Phew. That’s a lot to wrap our tiny brains around!

So how is it that the voice in the human mind that encourages us to measure the speed of light and launch huge heaping metal ships into space can be the same voice that can convince us that we are worthless without a certain title of power or a bicep akin to steel, for example?

How is it that some people can smoke all their lives and die at ninety-eight while others contract pneumonia and are dead within twenty four hours?

Life is so not fair.

And it can’t be. I know that. I’m sure you know that, too.  Every time I ever relented the fact to my parents, I heard “Well life’s not fair,” and I could never understand why! If we have control over our actions, surely we can even out the playing field?! But sometimes we just can’t. There is no other explanation for it. Oh sure, we’ll keep on trying to find one. It’s engrained in our “foolish gene.” Just as the great big ball of gas keeps burning, giving me winter while Australians play in the sand, the evil voices will climb all around our brains, working with chisels and ropes and things to try and capture us and keep us prisoner.

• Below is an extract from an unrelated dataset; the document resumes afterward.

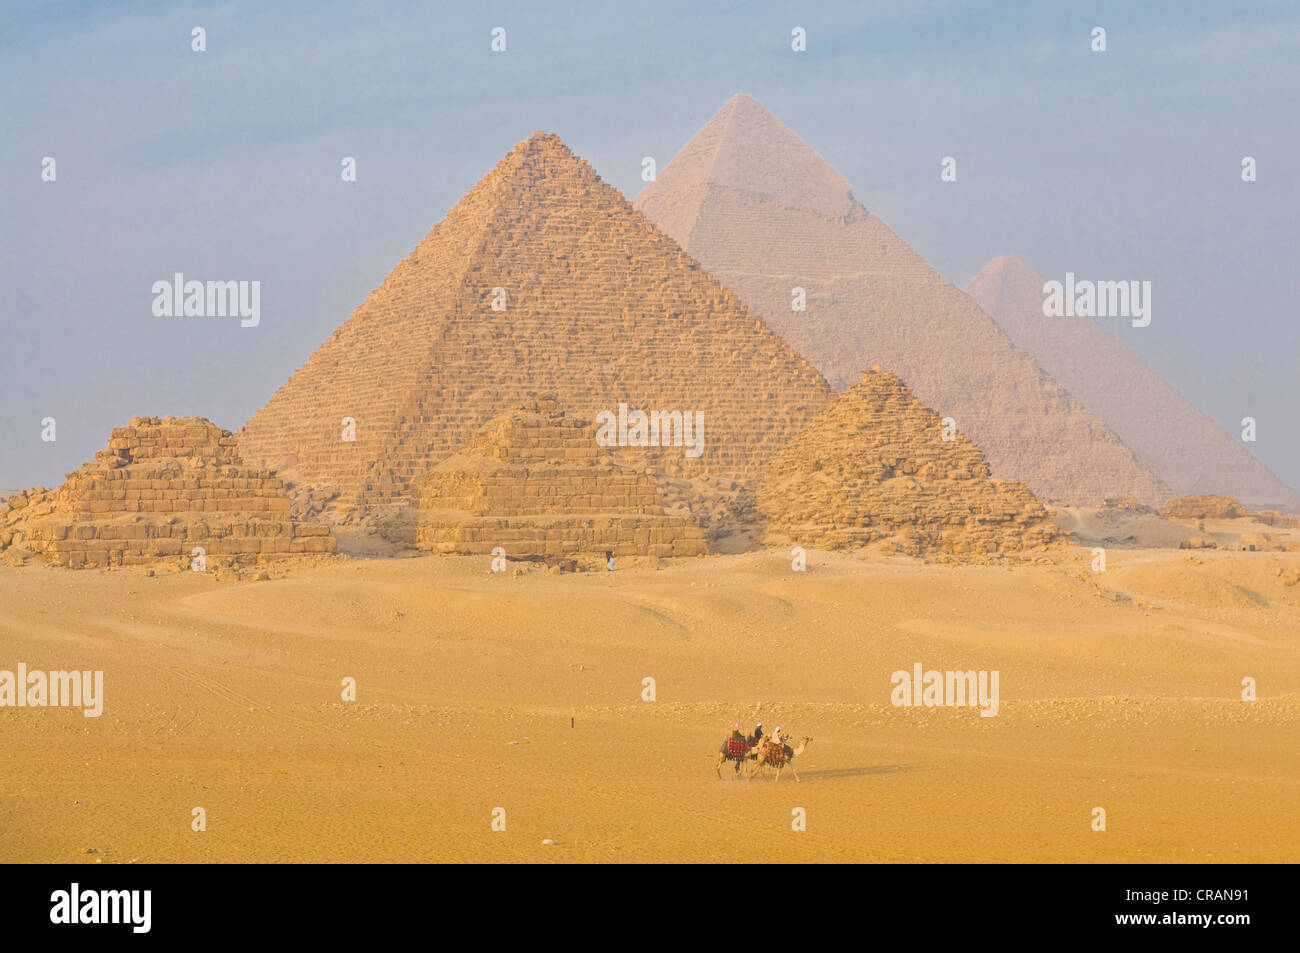 Riders on camels in front of the Pyramids of Giza, UNESCO World Heritage Site, Egypt, Africa Stock Photo

Fortunately, or maybe not so fortunately, we have other people’s mistakes to learn from.  We have old wives tales and Pilgrim’s Progress and children’s stories, songs, plays, paintings, poetry, oral tradition, religious tradition, parenting traditions. These things have been going on far longer than you or I have spent on this rock. In fact, they’ve been going on longer than any one person has spent on this rock. It’s foolish to think otherwise, and I know that, and you know that, though we’re so damn stubborn when it comes to admitting it. Because, somehow, for some reason, like our hair and our smiles, it’s in our genes.